Questian about the choice of base-learner
Sebastian-X opened this issue · 4 comments
You used ResNet-12 as base-learner, and it's also a common choice in recent works. Does it mean that ResNet-12 is a super efficient model for few-shot learning? Is there any paper talks about it? I go throw your paper's related citations, but don't really find any information about this.
Also I see you deployed a ResNet version MAML during experiments whose performance over took the original one's, did you just change the base-learner of MAML and remain other parts the same?
Thanks for your interest in our work.
Answer to Q1: ResNet-12 is an example of deeper networks compared to 4CONV. It is not the most efficient network architecture. I use ResNet-12 in my paper for fair comparisons with the related works. If you'd like to read some papers on the network architecture of few-shot learning, I suggest this one: A Closer Look at Few-shot Classification.
Answer to Q2: We have provided ablative results for MAML on ResNet-12 in the paper. However, it is not the result in the image you attached. The result in the image is for the "MAML+HT" setting, where HT meta-batch is applied. You may find the details in the paper.
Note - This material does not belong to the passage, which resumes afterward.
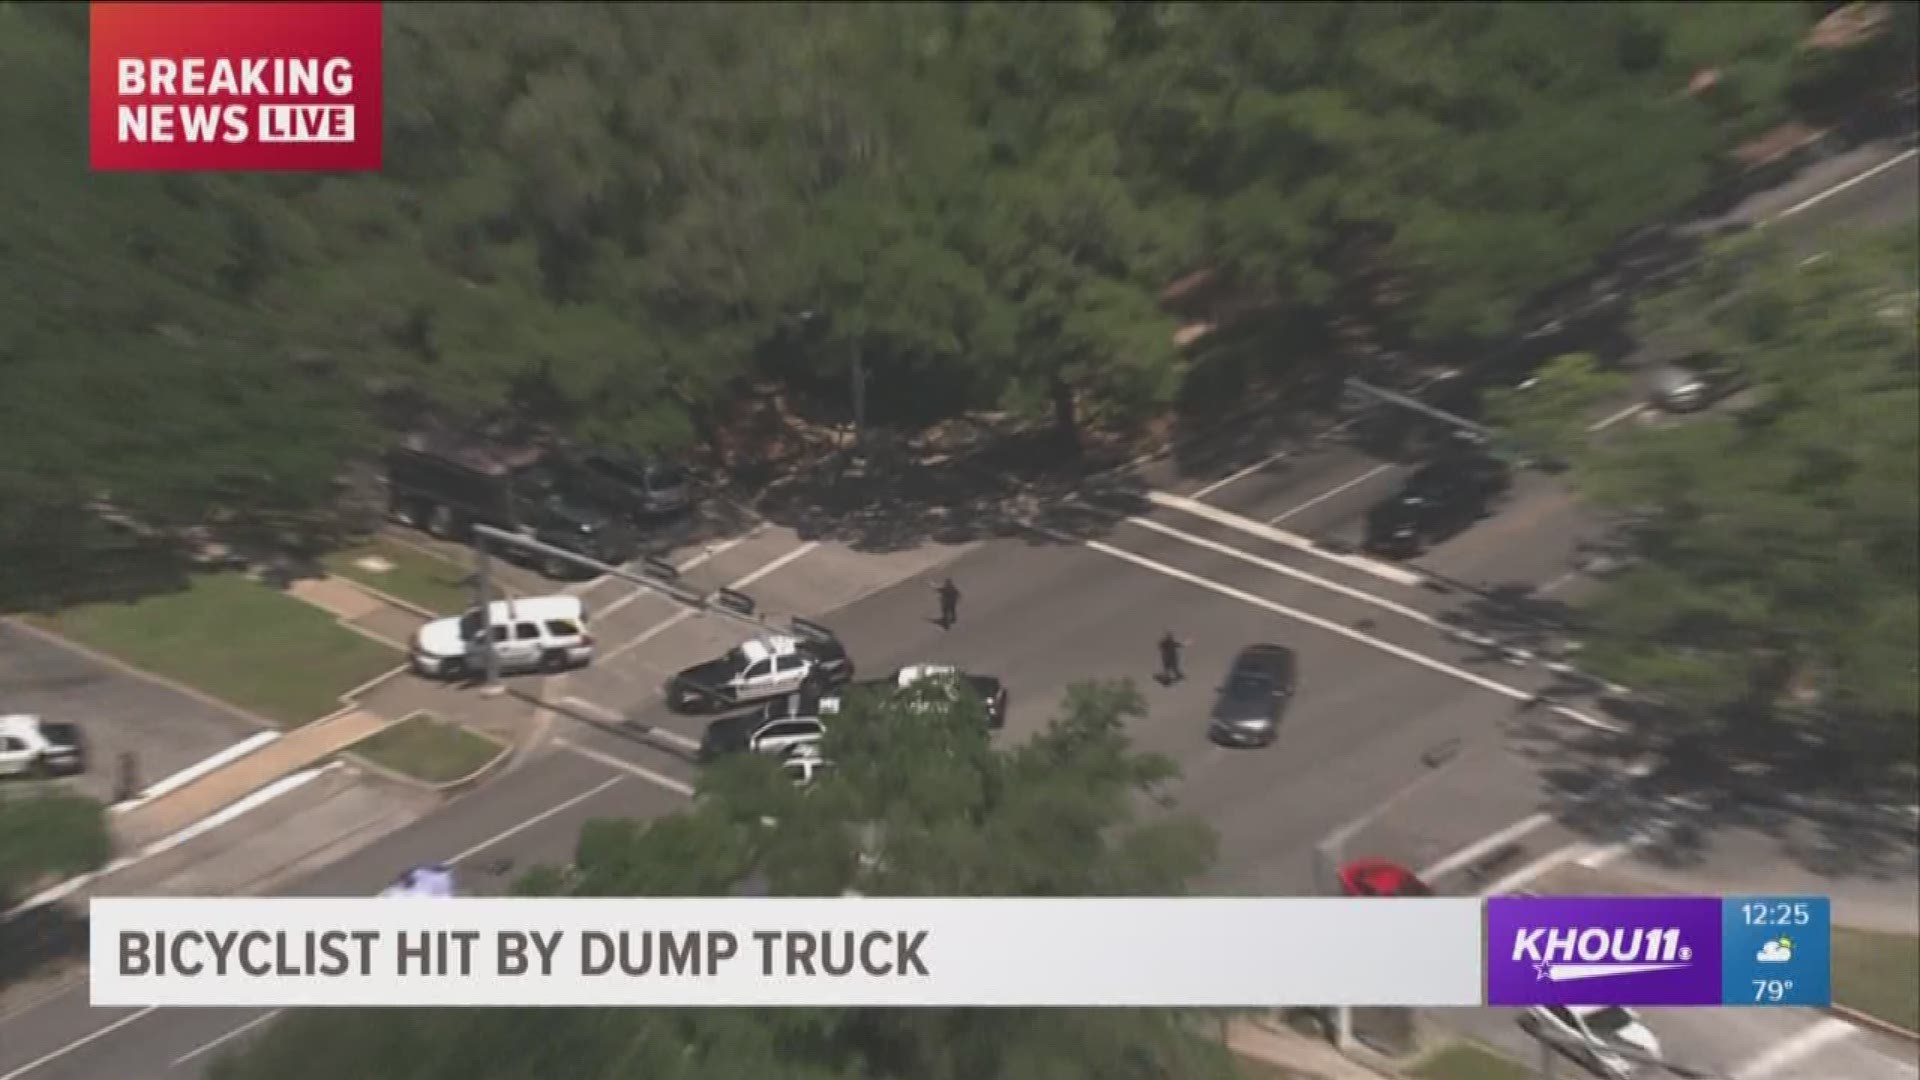 Police say a woman died after being hit by a dump truck, while riding her bike near Rice University Tuesday.

If you have any further questions, feel free to add comments.
Thanks for your response!
I see your paper's ablation experiments, but there's still a point I don't understand. If I did't get it wrong, during meta-transfer learning phase, parameters of feature extractor are fixed while parameters of FC and SS layers are updated. However, the last 2 rows of this table shows the results of SS[Θ4;θ] and SS[Θ;θ] whose notation seems to indicate that parameters of feature extractor Θ4/Θ are also fine tuned. I'm a little confused about this, and if i misunderstood this table could you please tell me the difference between SS[Θ4;θ] and SS[Θ;θ]?
SS[Θ;θ] means that we update SS weights for all convolutional layers Θ and the last fully-connected layer θ;
SS[Θ4;θ] means that we update SS weights for the 4th residual block Θ4 of ResNet-12 and the last fully-connected layer θ.
The details are available in the extended version: https://arxiv.org/pdf/1910.03648.pdf
I see. Thank you very much!